This Month in the DuckDB Ecosystem: December 2025

2025/12/10 - 8 min read

Hey, friend 👋

I hope you're doing well. I'm Simon, and I am excited to share the last monthly newsletter 🎄 of the year with highlights and the latest updates about DuckDB, delivered straight to your inbox.

In this December issue, I gathered the usual highlights, including insights on key developments like data-at-rest encryption and new spatial extensions (Gaggle and osmextract), various ecosystem integrations (DuckLake, dlt, Ibis, Marimo), and data engineering advice based on Reddit.

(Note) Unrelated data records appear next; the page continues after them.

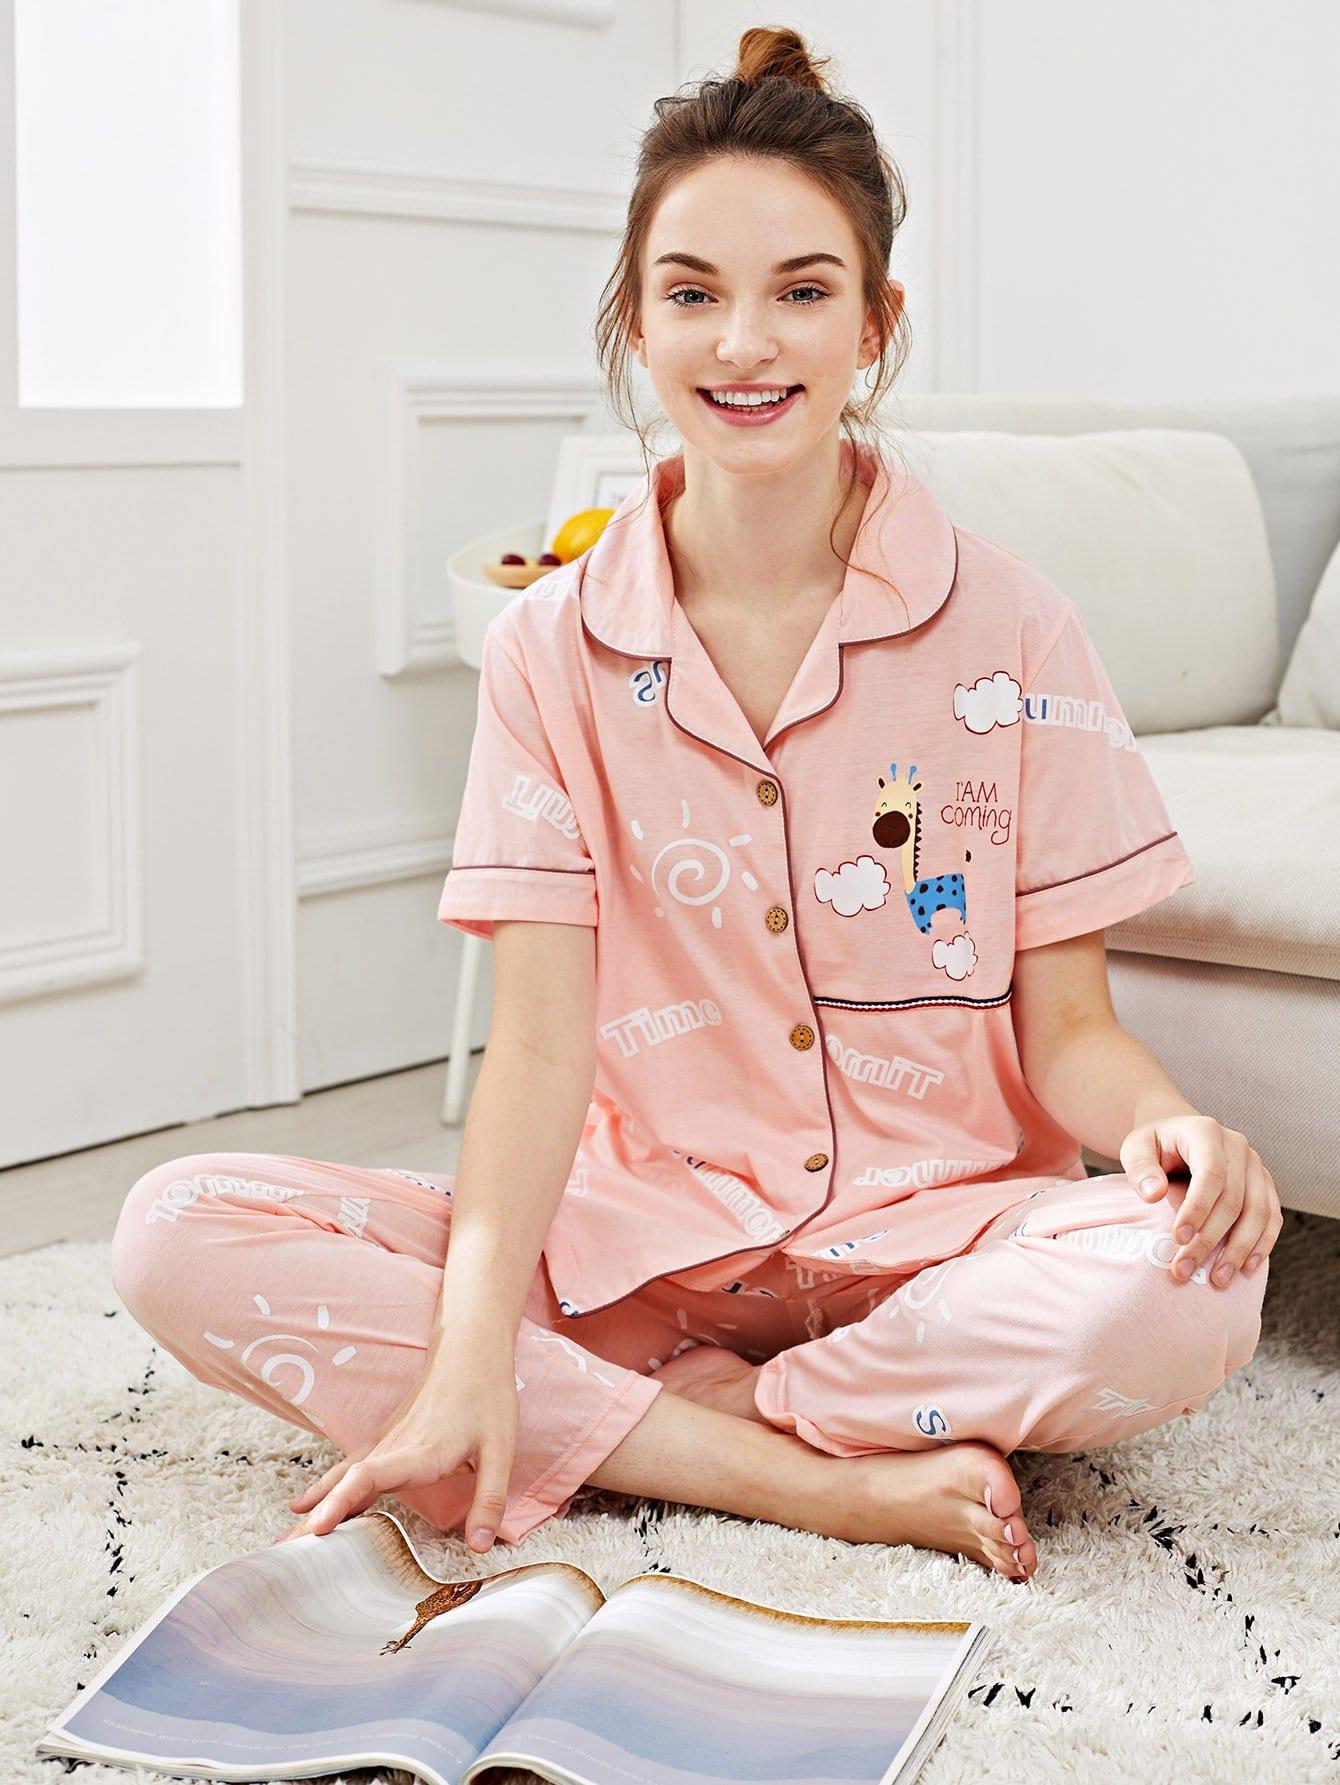 Купить Набор пижамы с рисунками жирафа и букв и с украшением пуговиц, Tory, SheIn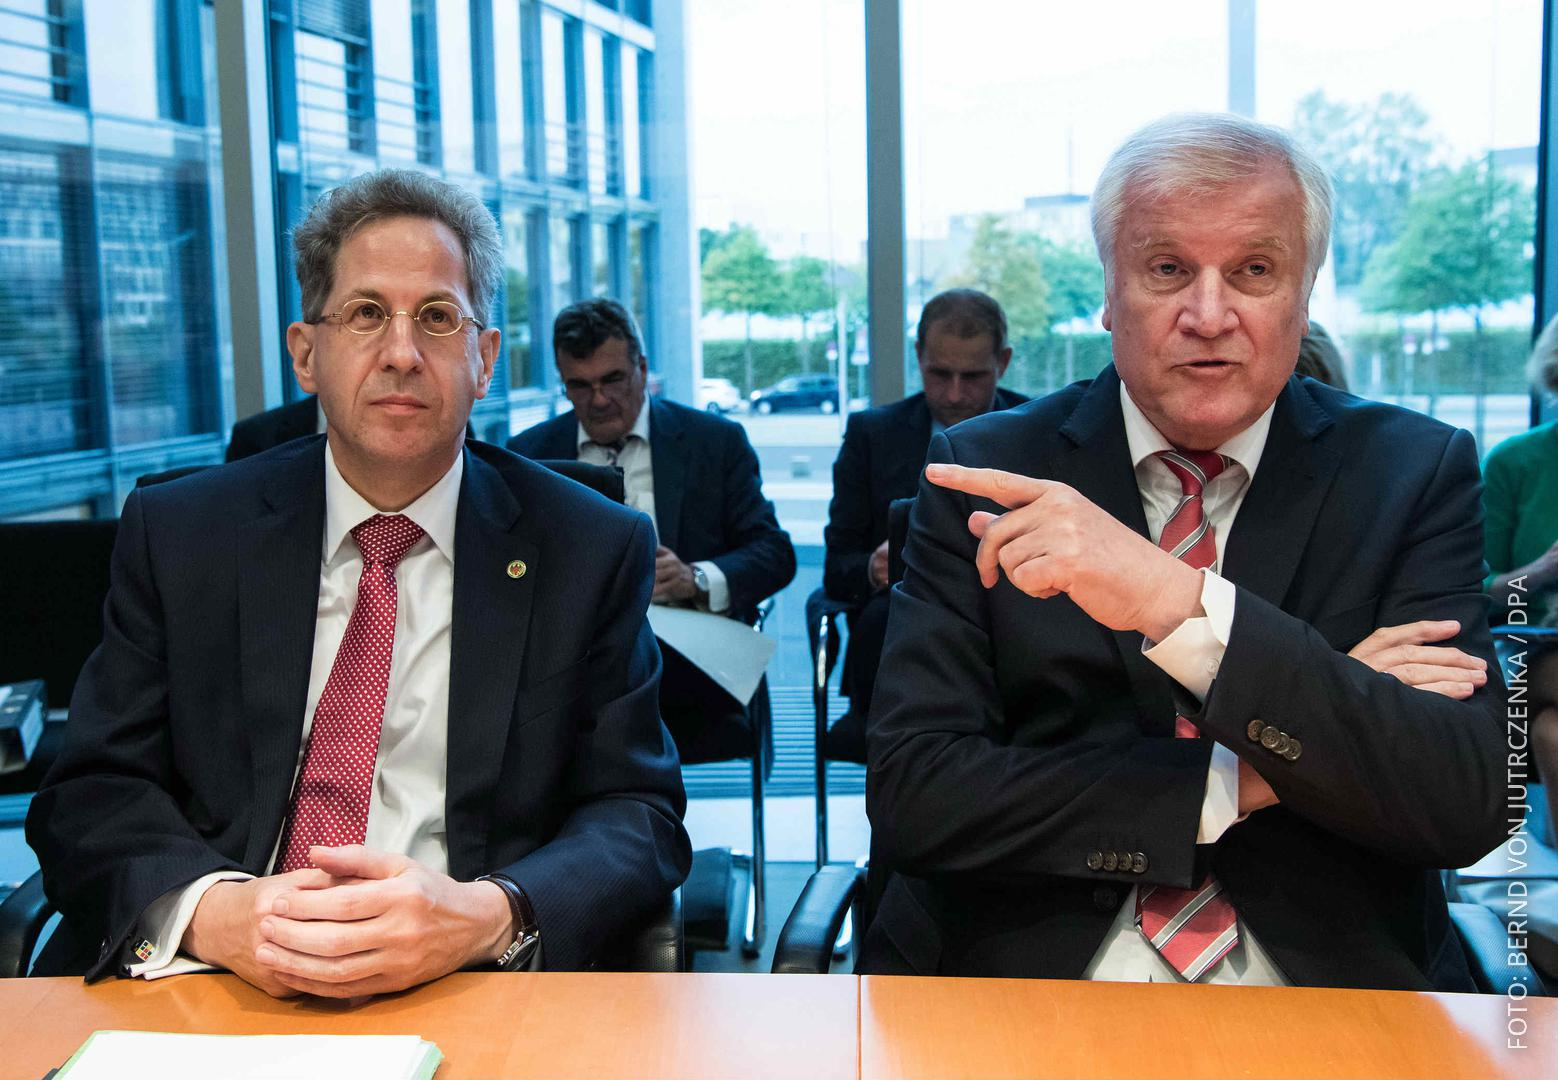 Ex-Verfassungsschutz-Präsident Maaßen und Innenminister Seehofer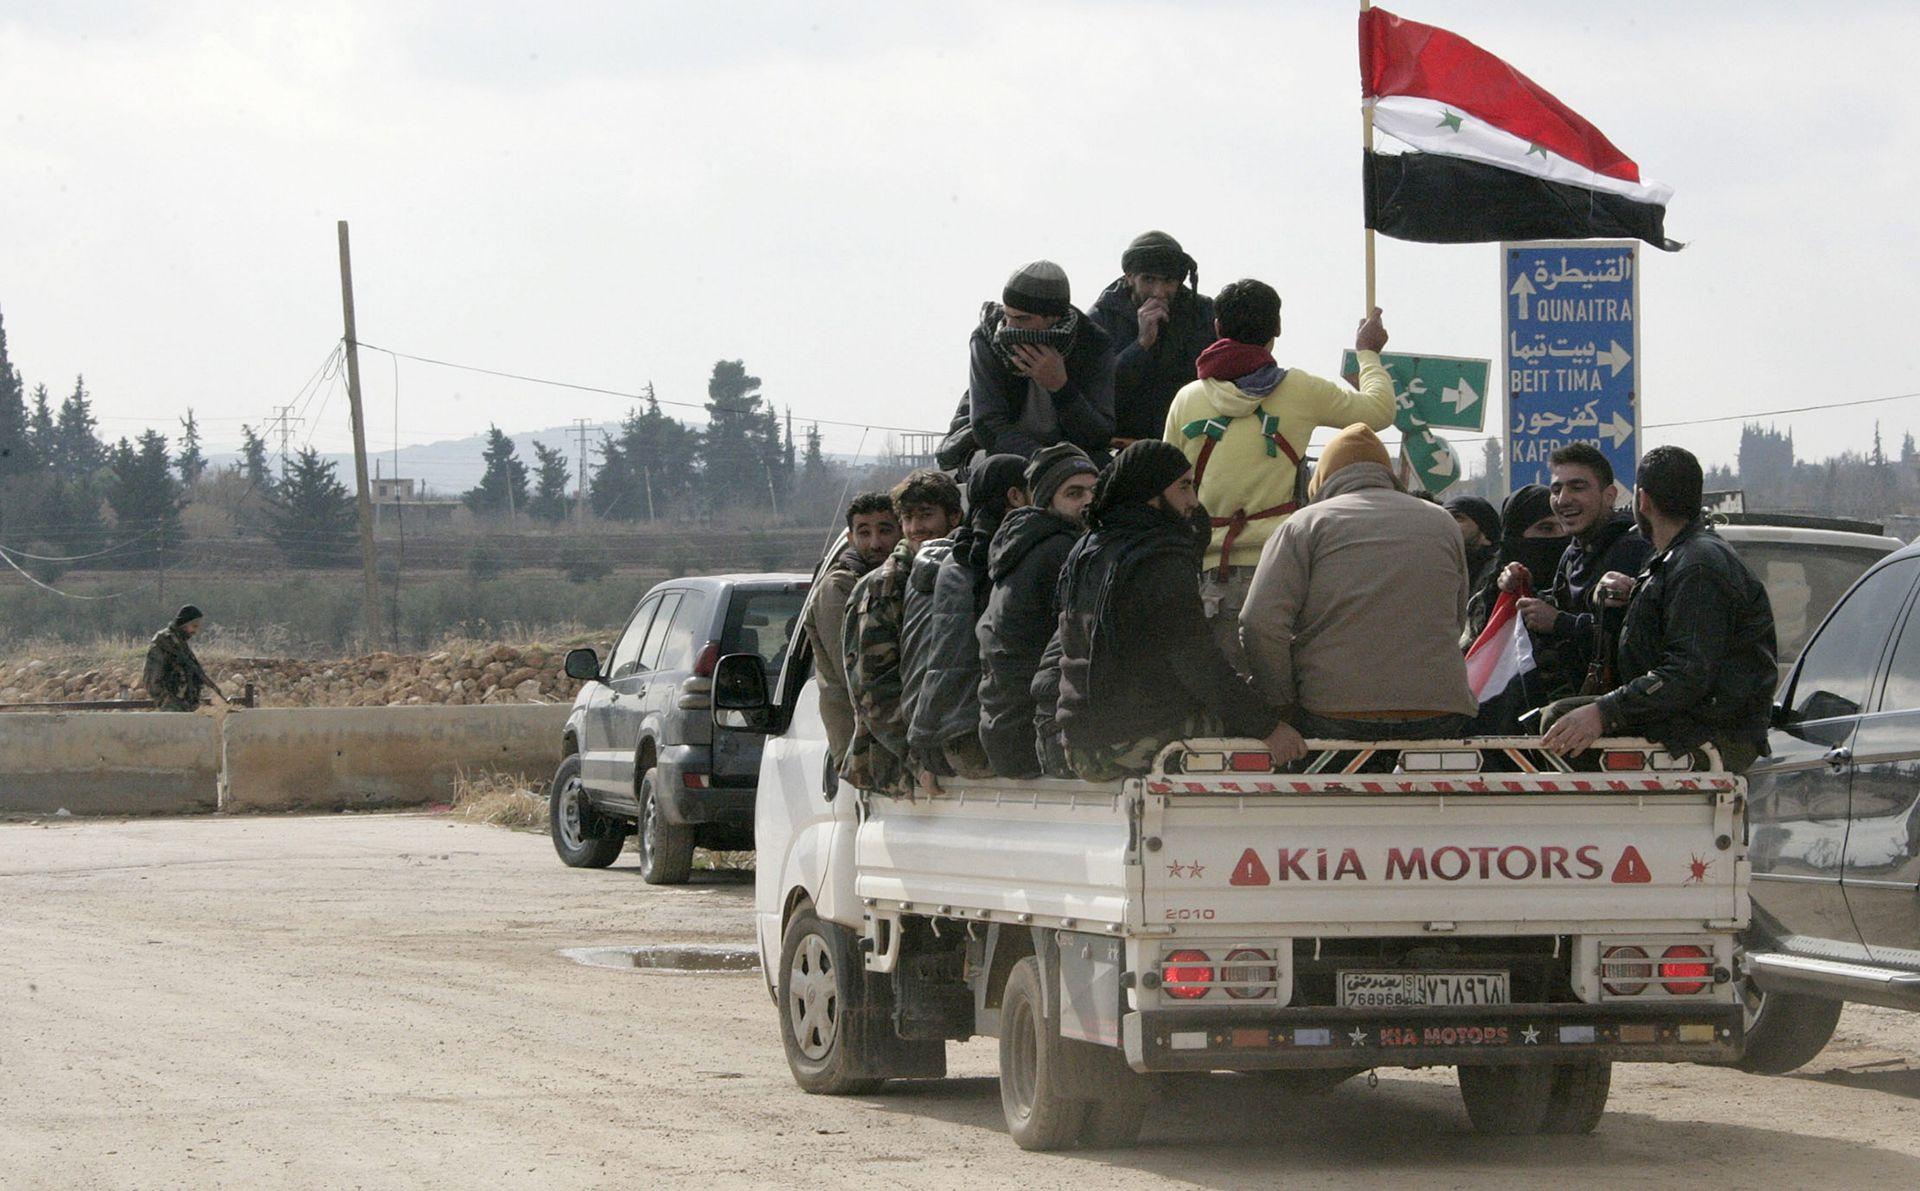 SIRIJA Rusi greškom bombardirali saveznike iz koalicije

If you have feedback, news, or any insights, they are always welcome. 👉🏻 duckdbnews@motherduck.com.

Featured Community Member

Nico Ritschel

Nico Ritschel is director of engineering at ATM.com and the creator of Sidequery, a privacy-first SQL analytics notebook for Mac that uses DuckDB as its core engine. He recently released two community extensions that push DuckDB into new territory.

Yardstick implements Julian Hyde's "Measures in SQL" paper, adding measure-aware SQL to DuckDB. Measures are aggregations that know how to re-aggregate themselves when query context changes, enabling percent-of-total calculations and year-over-year comparisons without the usual CTE gymnastics. With syntax like AGGREGATE(revenue) AT (ALL region), you can compute totals across dimensions directly in your query.

duckdb-acp brings natural language querying to DuckDB via the Agent Client Protocol. Write queries like CLAUDE what is the total revenue by product? and an AI agent explores your schema and generates the SQL. It supports Claude Code, Codex, and Gemini, with built-in safety controls to block mutations by default.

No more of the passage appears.